A restaurant specializing in grilled cheese sandwiches sounds like a childhood dream, but unlike visions of traveling by jetpack or having a pet unicorn, this one has come true. Across the country, fromage-focused restaurateurs are creating gourmet grilled cheese eateries – but they’re not just for kids.
The menu at GCDC (Grilled Cheese D.C.), which opened last spring just a few blocks from the White House, showcases specialty sandwiches far more elevated than what Mom made on sick days. Half a dozen lunchtime options include the District Cemita (queso fresco, young manchego, chorizo), the Kim-Cheese-Steak (cheddar, kimchi, Korean-style roast beef), and the Buffalo Blue (cheddar, blue cheese, chicken, and hot sauce). Fancier fare at a higher price point dominates dinner selections: there’s gouda and lobster, a Taleggio-laden Mushroom Melt, and short rib gussied up with Gruyère and blue cheese.
Though D.C. is home to several specialty cheese shops and a highly informed dining clientele, many customers still have questions when deciding what to order.
“Surprisingly, we do a fair amount of education,” says founder Bruce Klores. “Everyone is familiar with cheddar, but a lot of people don’t know Gruyère or manchego.”

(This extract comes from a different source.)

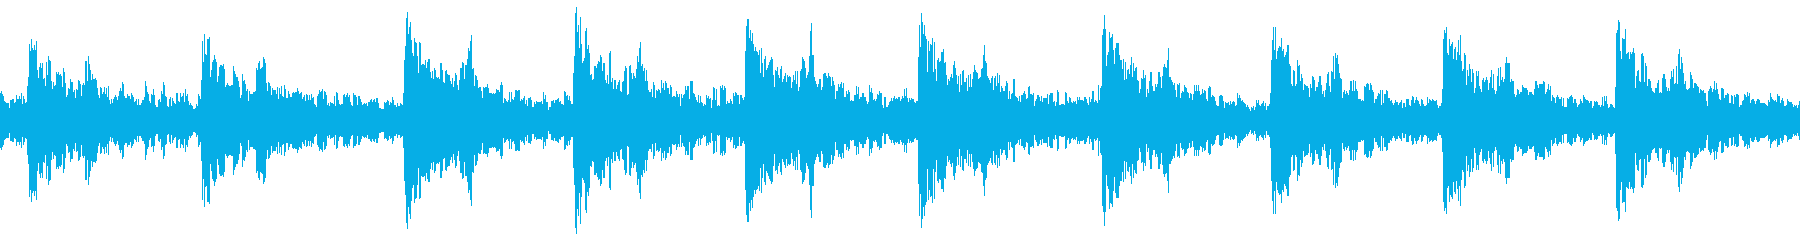 パイルドライバーLow Rumbl...の再生済みの波形
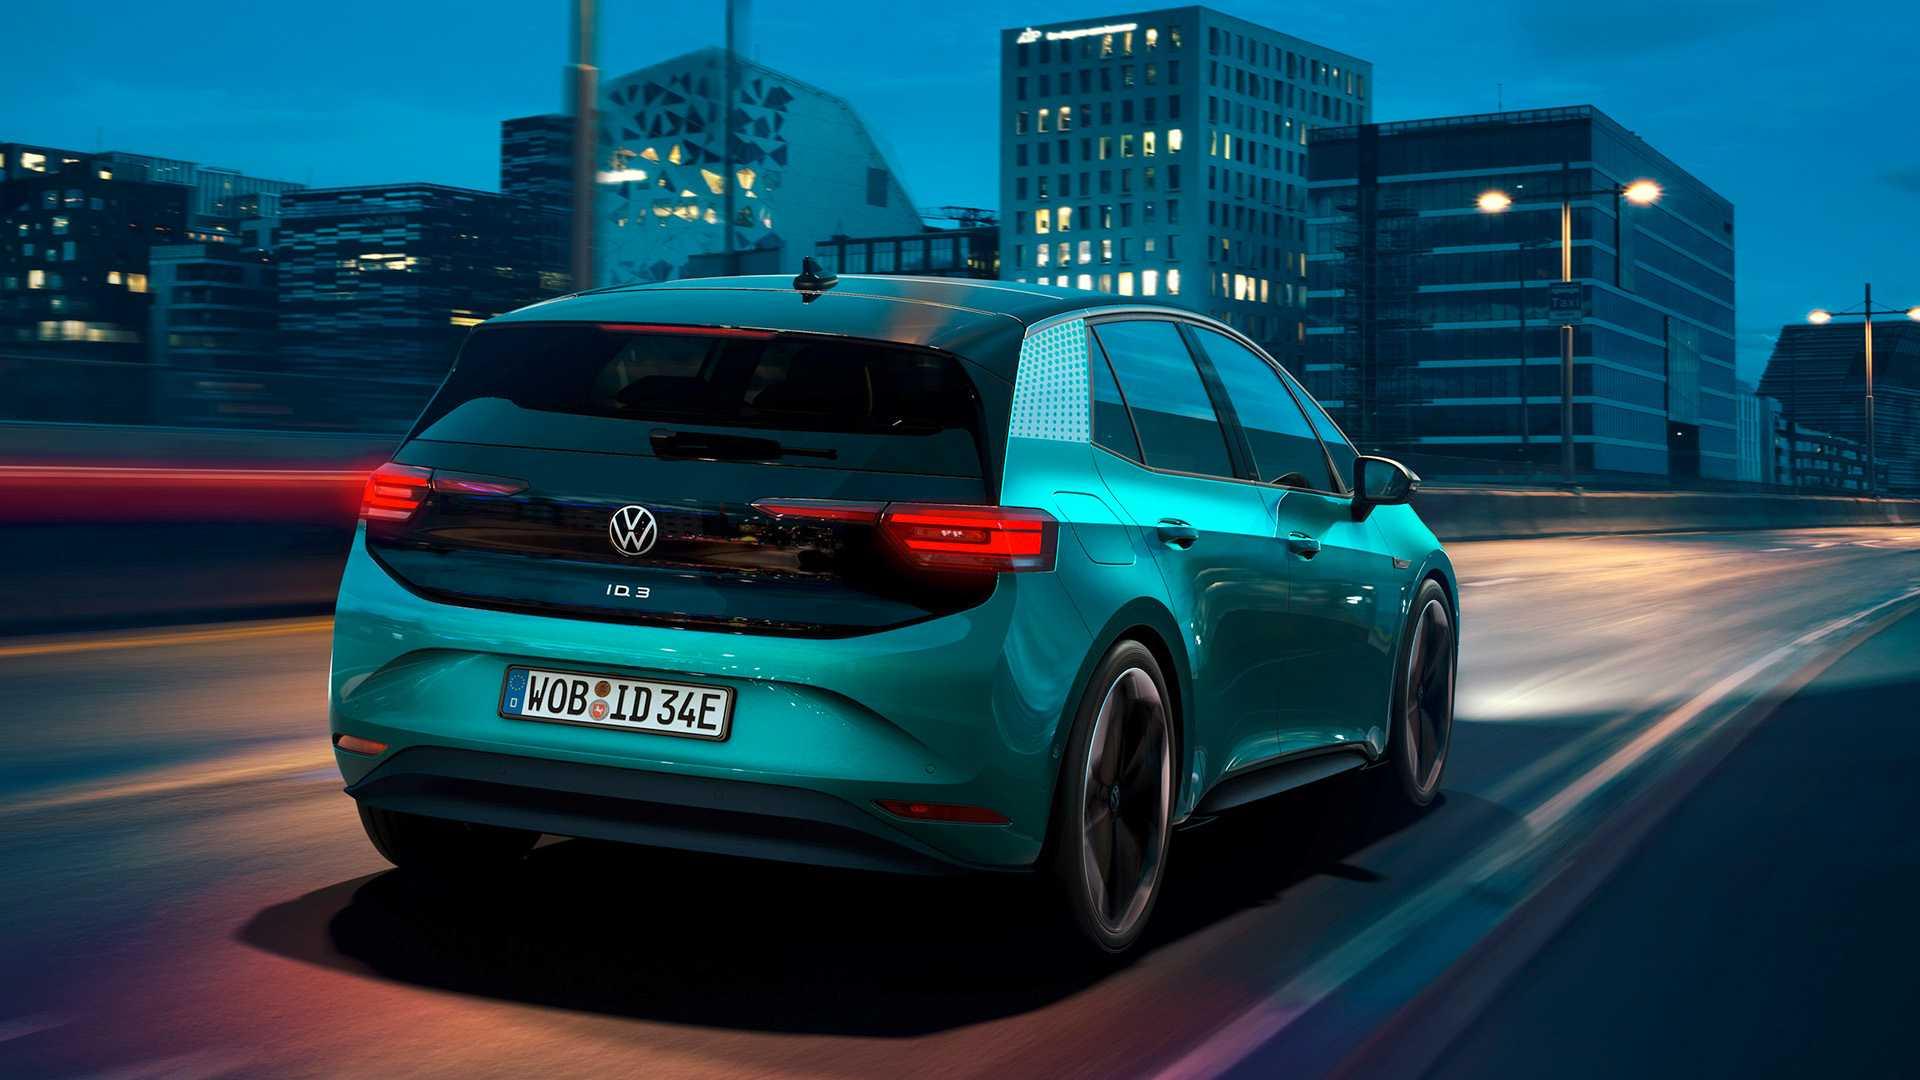 volkswagen-id-3-2019-12

Specialty cheese is also the name of the game at Heywood Grilled Cheese in the Silver Lake neighborhood of Los Angeles. English Double Gloucester infused with chives takes center stage in the Game Changer, while French Comté complements the maple bacon and prosciutto in the Peking Pig.
“A lot of people have never been to a restaurant like ours,” says general manager Chris Tenerowicz, “so they’ve only ever had American cheese on white bread.” Currently, the eatery has demurred from offering the ubiquitous orange slices, but it may be added to their late-night menu in the future.
For every restaurant focused on the new and different, there’s another focused on the familiar. The latter is the case at Roxy’s Grilled Cheese, which began as a food truck in 2011, and has since expanded to include a brick-and-mortar location in the Boston neighborhood of Allston last spring. The restaurant’s menu includes half a dozen sandwiches that use recognizable cheeses, such as Vermont cheddar, Swiss, and fontina. You can try their Mighty Rib Melt with this recipe.
“We keep it really simple,” says founder James DiSabatino. “Our food reminds people of their childhood and is meant to be really accessible.”
The straightforward formula has been a success for the restaurant, which goes through more than a thousand pounds of cheese during a busy week. And, with any luck, more cheesy variety is in Roxy’s future: “I’m interested in bringing people out of the cheese comfort zone at our restaurant,” says DiSabatino, whose dream offering would be a Tomme de Savoie–topped patty melt. “Hopefully, even what we have now will push people to try more exotic cheeses after they eat with us.”
Local cheese takes center stage at Milwaukee’s Melthouse Bistro, which opened in late 2011 in collaboration with the Wisconsin Milk Marketing Board. The fast casual eatery serves only cheeses made in the Badger State – from fontina and Havarti to asiago and feta. There are typically 16 to 20 varieties of cheese on hand, featured in 20 to 30 specialty sandwiches, such as the Brasserie (brie, braised short rib, pickled red onions) and the Sergeant Pepper (cheddar, pepper Jack, roasted cauliflower, red peppers).
“These are unique sandwiches people aren’t going to take the time to make at home,” says co-owner Troy Davis. “We want people to think beyond the basics when they think of a grilled cheese.”
GCDC’s Bruce Klores agrees: “You can go a lot of different directions with a grilled cheese… It’s really just a starting point. The possibilities are almost endless.”